GPS readings are typically collected using GPS receivers and are accurate to less than 15 meters. To ensure respondent confidentiality, all surveys' GPS coordinates are randomly displaced 0-2 kilometers for urban areas and 0-5 kilometers for rural areas, with a further 1% of rural clusters being displaced up to 10 kilometers. The displaced clusters still stay within the country and DHS survey regions. For more detail, please see the documentation of DHS cluster displacement.
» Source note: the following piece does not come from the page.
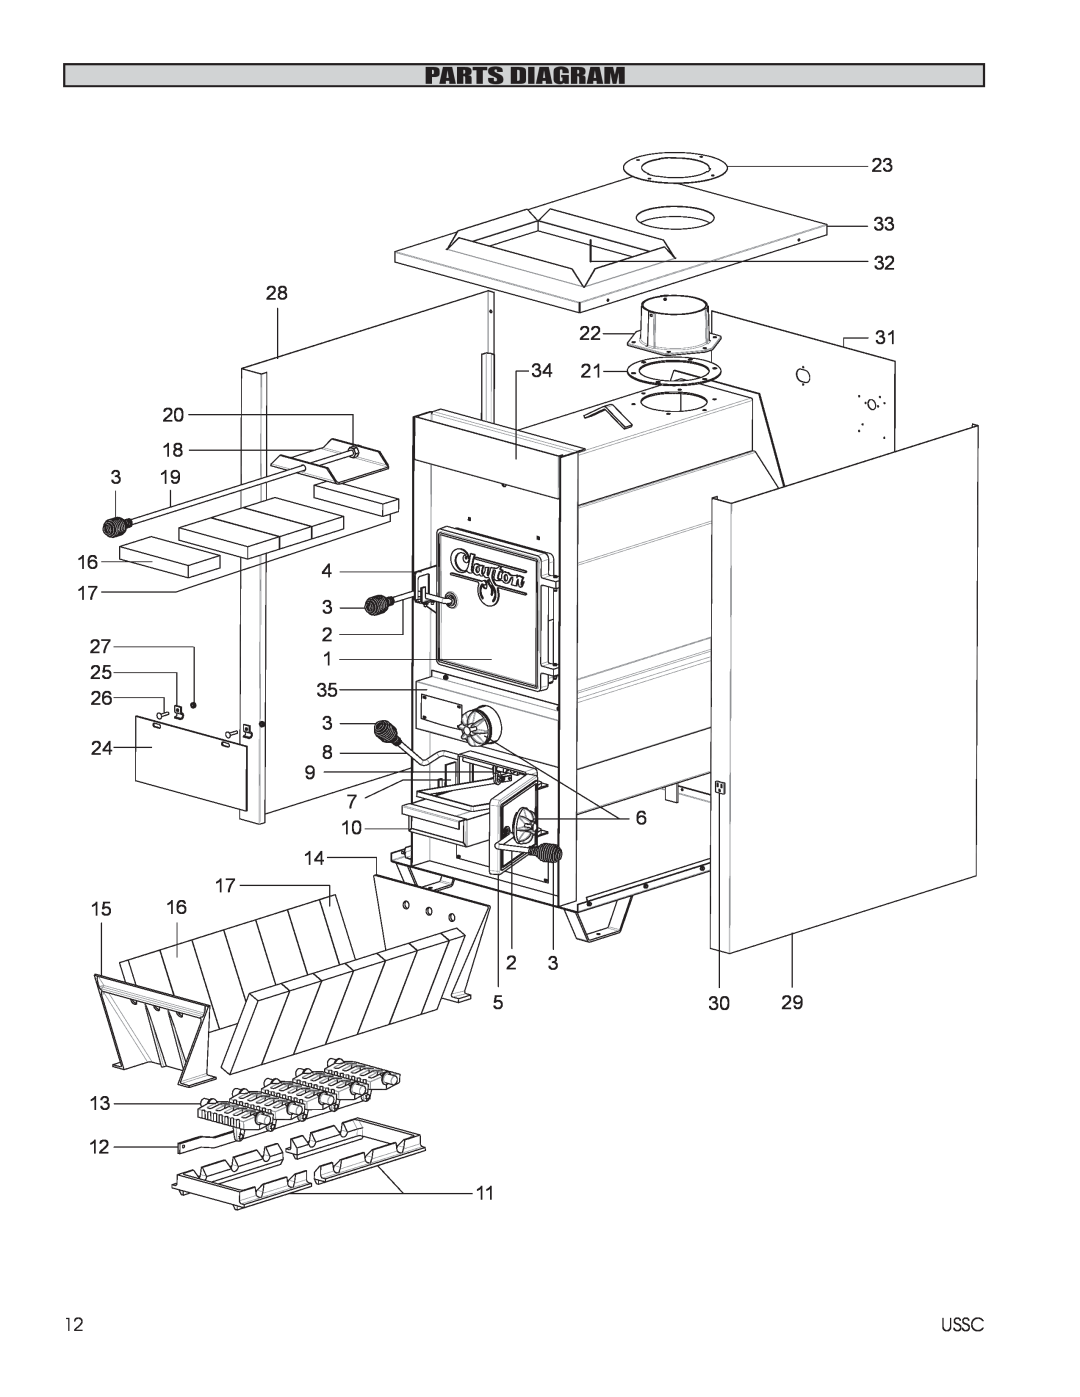 United States Stove 1602M installation instructions Parts Diagram, 20 18 3 16 17 27, 28 4 
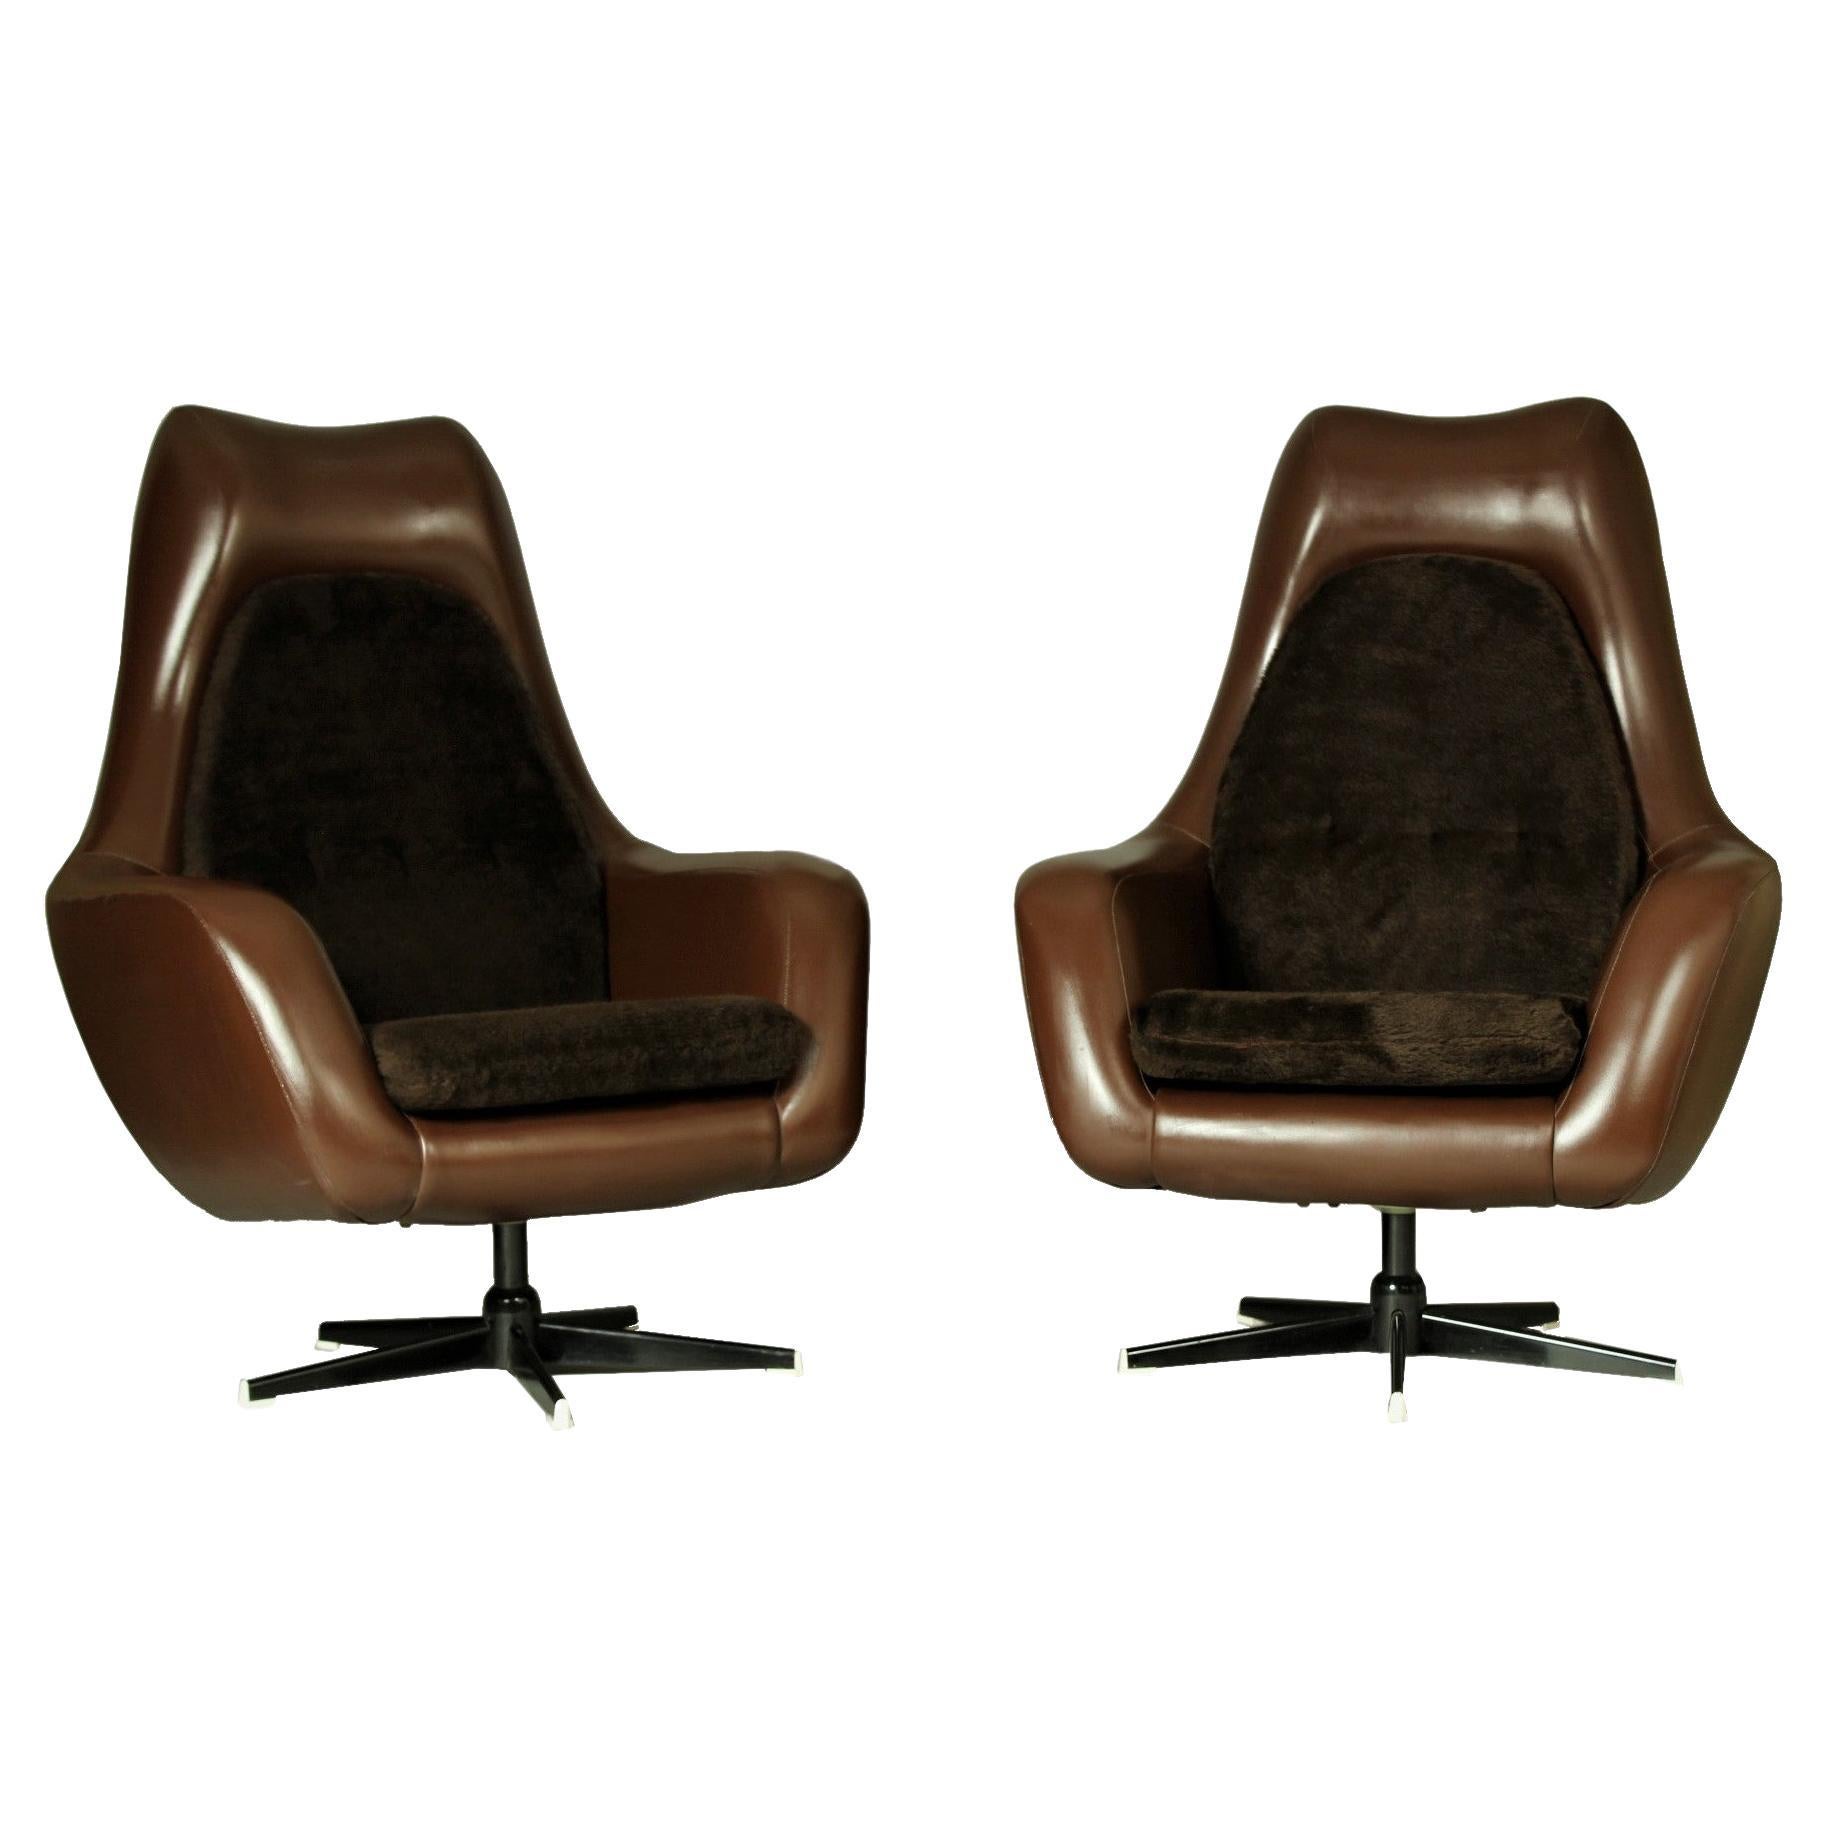 Pair of Swivel Egg Chairs, 1970s For Sale

IPUMS-DHS obtained DHS cluster shapefiles in World Geodetic System (WGS)-1984 Geographic Datum from The DHS Program website. DHS cluster data consist of attributes such as DHSID, latitude and longitude values, urban/rural label, and altitude. DHSID is the 14-character DHS identification code, which is a concatenation of the 2-character country code, the 4-digit survey year, and the 8-digit cluster identification number. DHSID is available for every IPUMS-DHS sample and uniquely identifies clusters across samples, and it serves as the unique linking key between IPUMS-DHS microdata and DHS cluster shapefiles. Users interested in performing spatial analysis may obtain DHS cluster shapefiles from The DHS Program website.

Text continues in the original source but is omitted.